Replica vs PersistTo / ReplicateTo

Hi,

On the Couchbase server which we can enable Replicas when configure the bucket.

On the other hand, we also have option to add PersistTo / ReplicateTo flags on the bucket operation in SDK. However this will introduce overheads (latency) for the high traffics from updates.

My understanding of PersistTo / ReplicateTo flags is to ensure the data has successfully populated to another node but if we do not add these flags and only depends on Replicas option on Couchbase server, would we still get a consistent data among multiple nodes? If current server is down then we might loss the latest update data since it’s kept in the RAM and not yet synchronized with other nodes?

Activating replication on the server side will instruct the server that each mutation should be replicated. The server will do that in parallel with the persistence to disk, as soon as the data as been received in RAM (push to write-to-disk queue + replication queue).

The ReplicateTo and PersistTo parameters are durability constraints that change the acknowledgement behavior of the server, not the persisting behavior:

  • by default, without such indications, the server will the operation is done as soon as it has been written in RAM
  • with a ReplicateTo constraint, it will wait for the specified number of replicas to acknowledge they’ve received the update in RAM as well before answering “done”
  • with a PersistTo constraint, it will additionally wait for the date to be stored on disk (either only on the MASTER or on replica servers as well).

Adding durability constraints improves the fault-tolerance of your application (your data has been replicated / persisted in case a node crashes), but you pay a performance hit.

So yes, you’d get an eventually consistent data among multiple nodes, unless there is a crash.

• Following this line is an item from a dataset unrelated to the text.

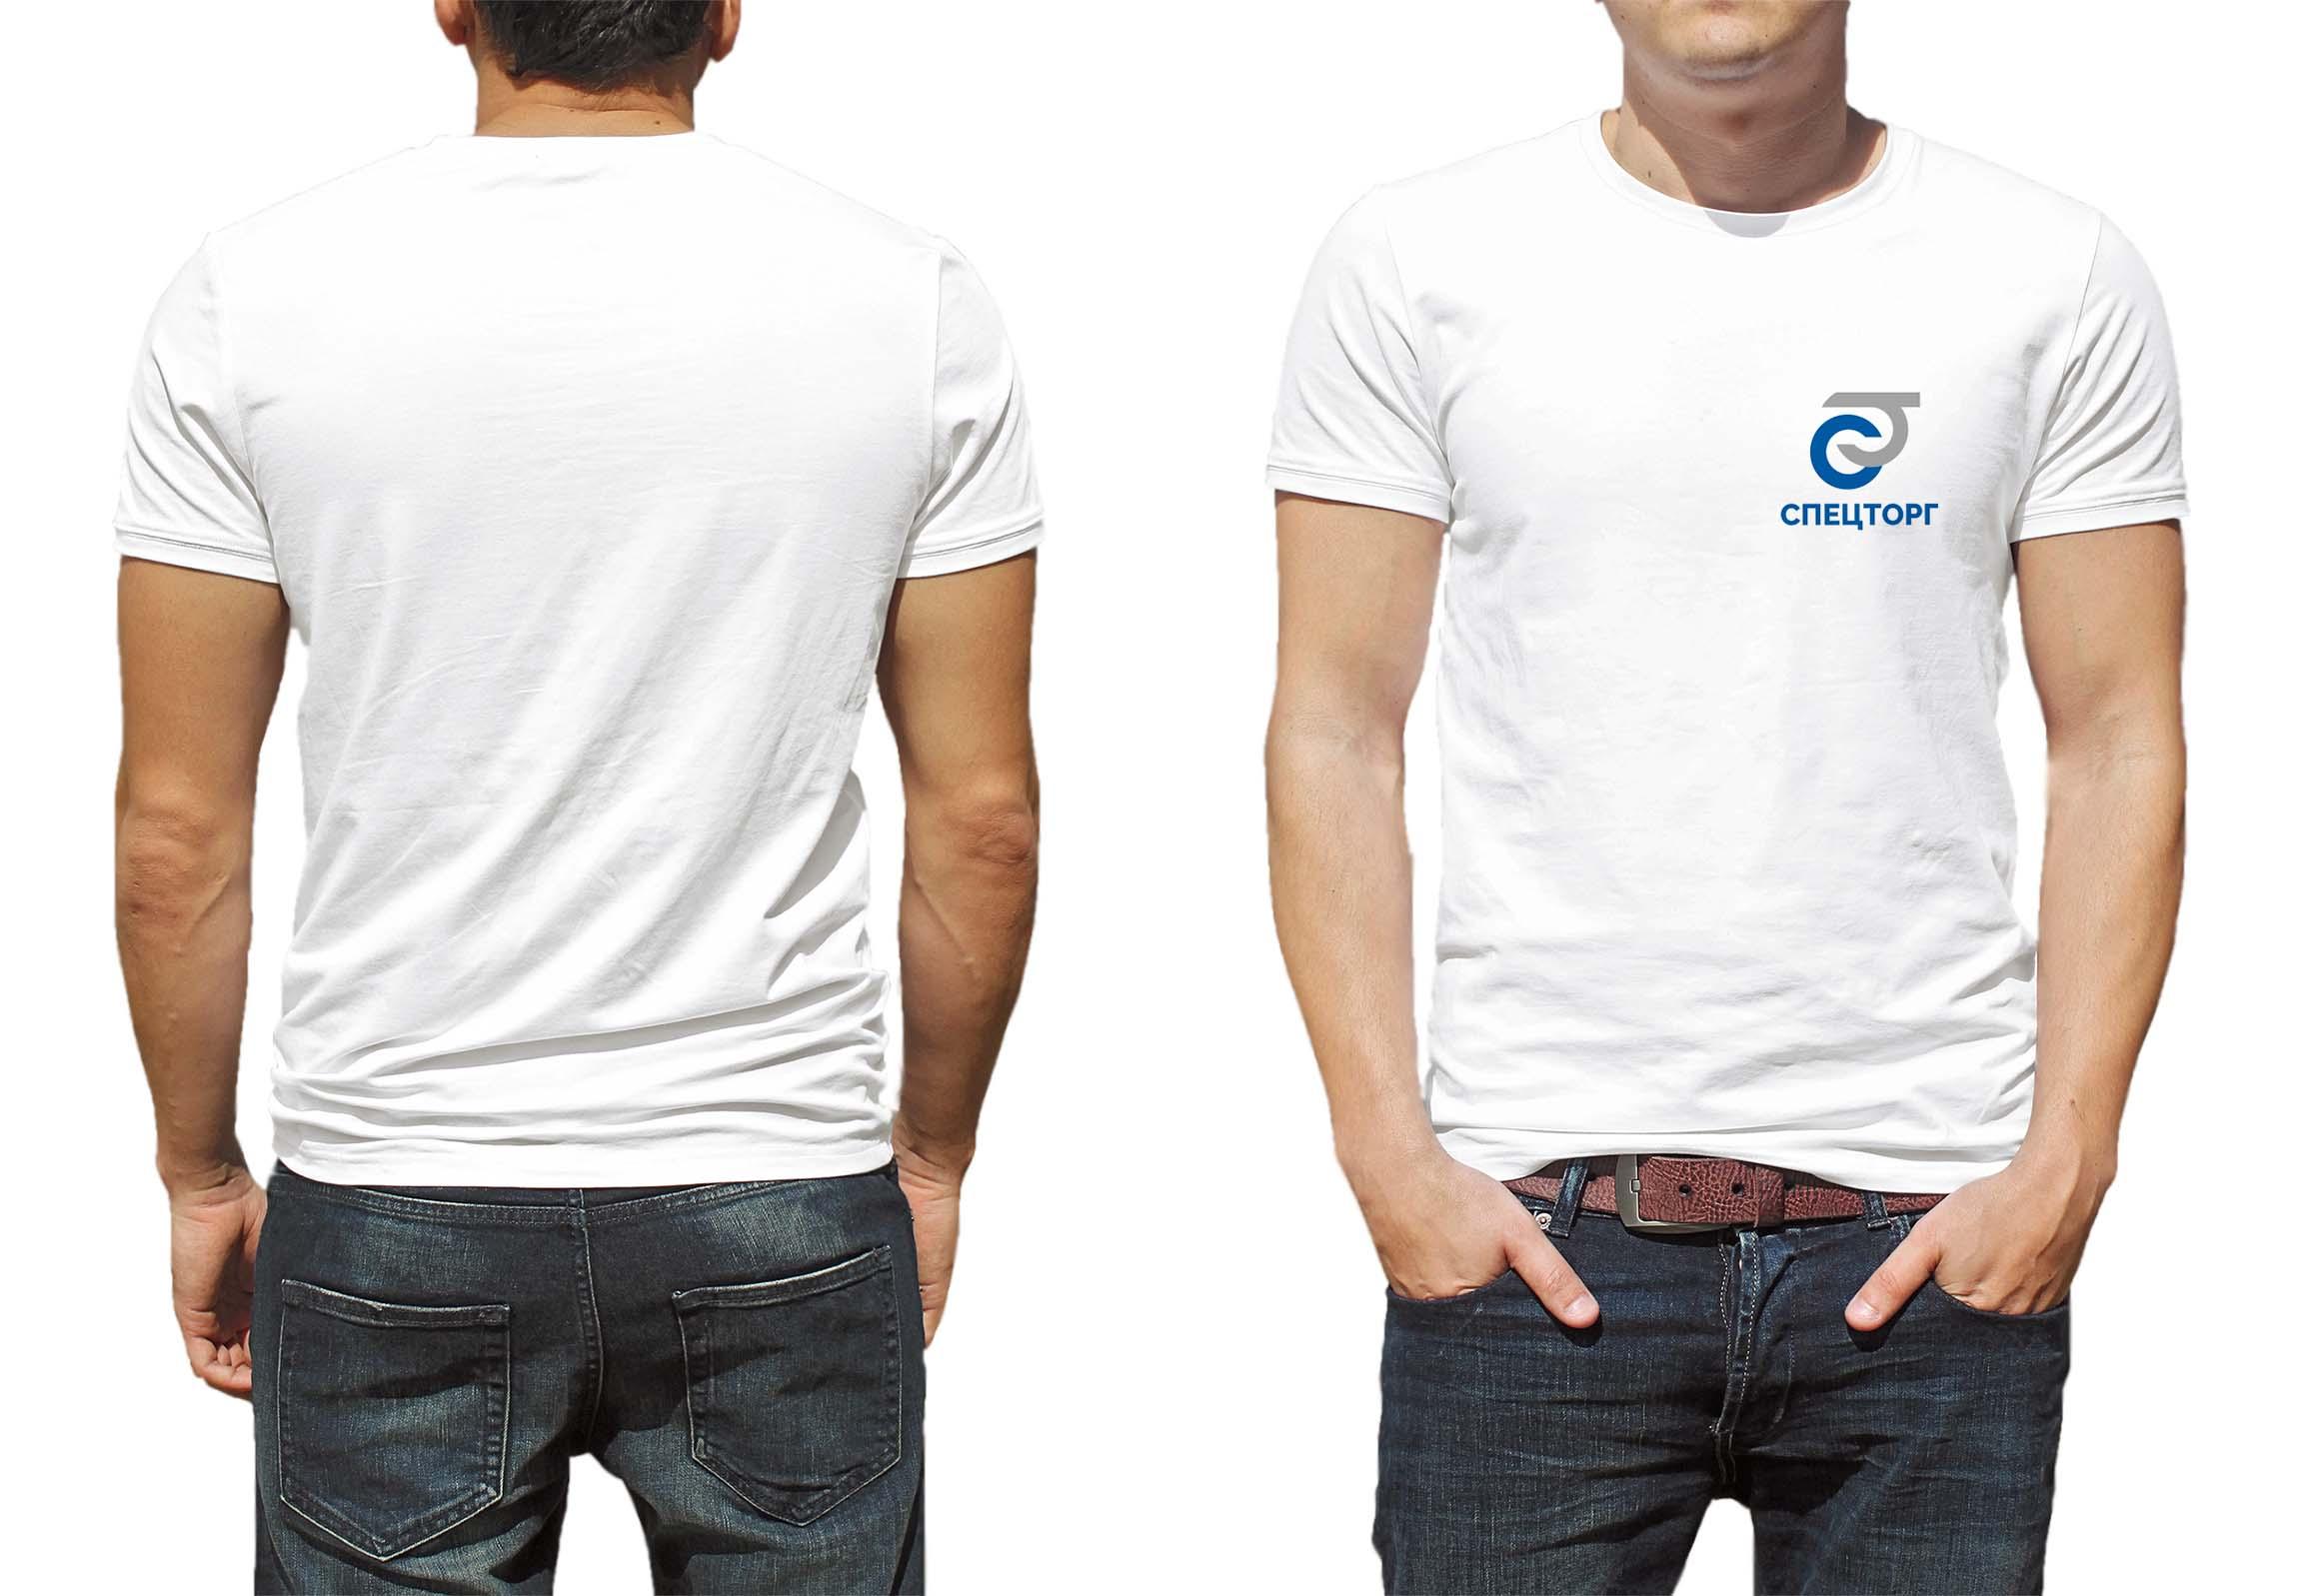 Разработать дизайн  логотипа компании фото f_9415dc2eadcaa196.jpg

Master node crashing for a specific key will lose the data if it hasn’t been replicated nor persisted. Note that in couchbase, each node is both a master node and replica node, the data is hashed and distributed evenly between all nodes.

1 Like

Could i think persistTo or replicaTo is an observer option that observe the data if
is complete persisted or replicated ?

@hubo3085632 yes you can think of it like that

Hello Simon,

Please let me know if my questions are not clear for you. I will rephrase it if required.

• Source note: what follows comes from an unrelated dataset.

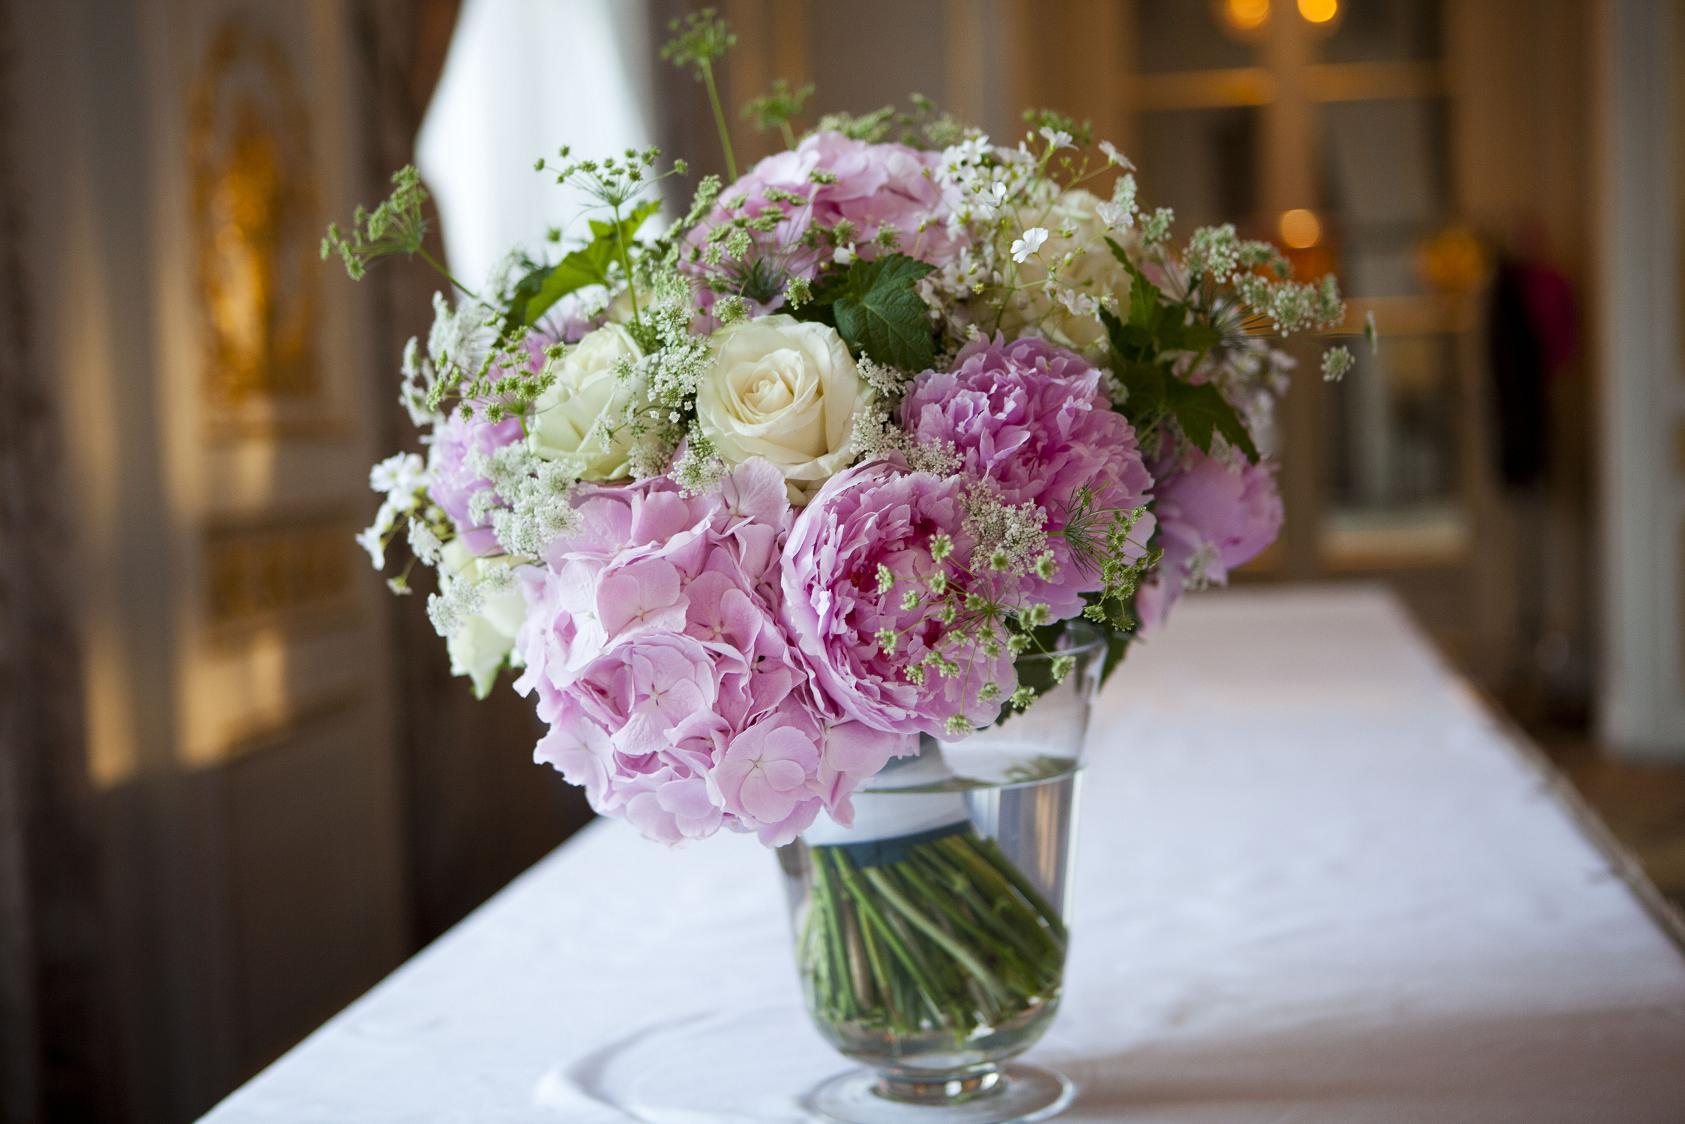 Pin Decoration Florale Mariage Exotique Deco Salle on Pinterest

You mentioned that "Master node crashing for a specific key will lose the data if it hasn’t been replicated nor persisted. "

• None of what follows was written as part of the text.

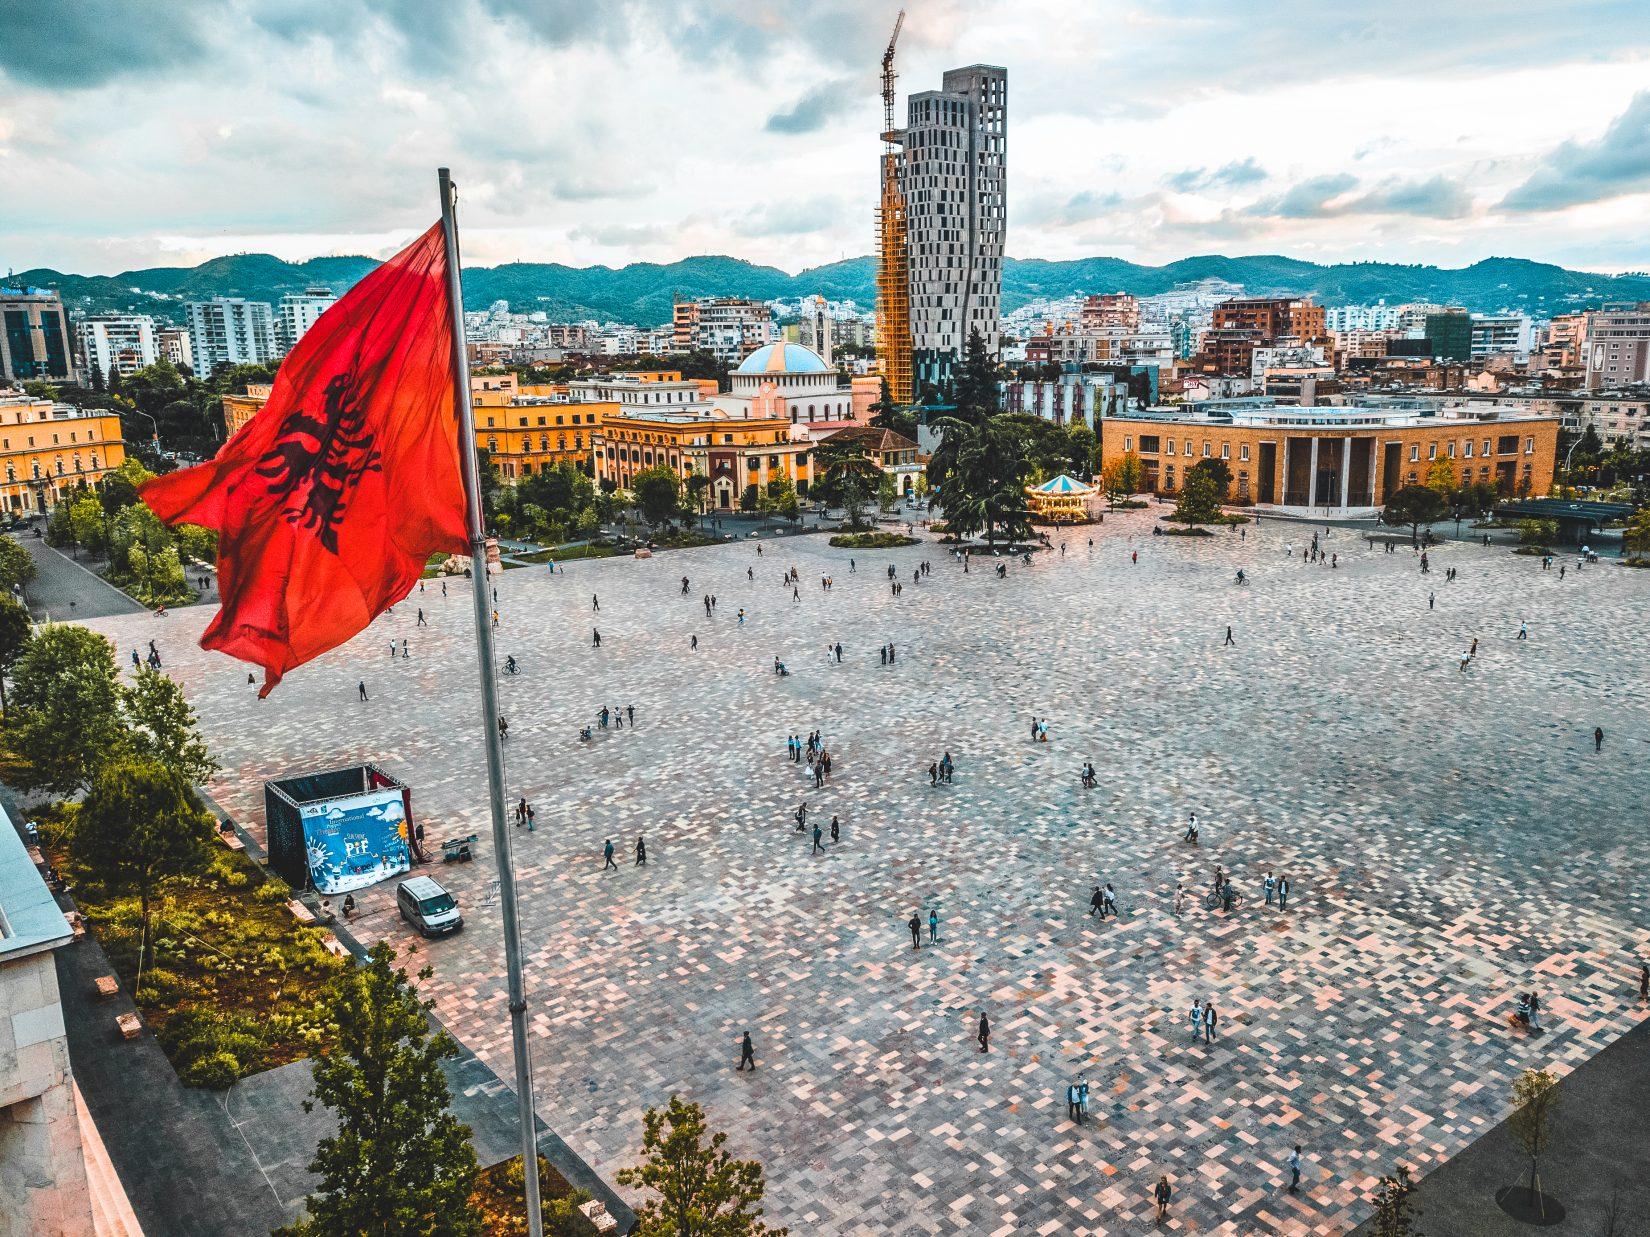 albanija-pred-izborom-dati-rami-treci-mandat-ili-sansu-basi

Consider following scenario.

Instead of Master node, if the replication node is crashed before applying the replica.
My undrstanding is that as the master node didnt crashed, the data will get persisted to disk.

What will happen to the replica data in following cases:

(i) If the crashed replication node is brought back before a failover is triggerred; will the data gets replicated? Till this time, will the replica data waits in the replication queue of Master node? If so, is there any threshold for how long the data can be preserved in the replication queue?

(ii) Consider before the replication node crashed, the replica data got transferred from the replication queue of Master. Just before it got applied to the replication node it crashed. In this scenario, there is no data in the replication queue to apply to replication node when it comes back. When the replication node is back and running(before failover), it will be part of the cluster. But how we will come to know that replica of the specific data is not present in the cluster? Will couchbase discovers automatically that replica for the master data is not present in the cluster?

Thanks and Regards
Pgc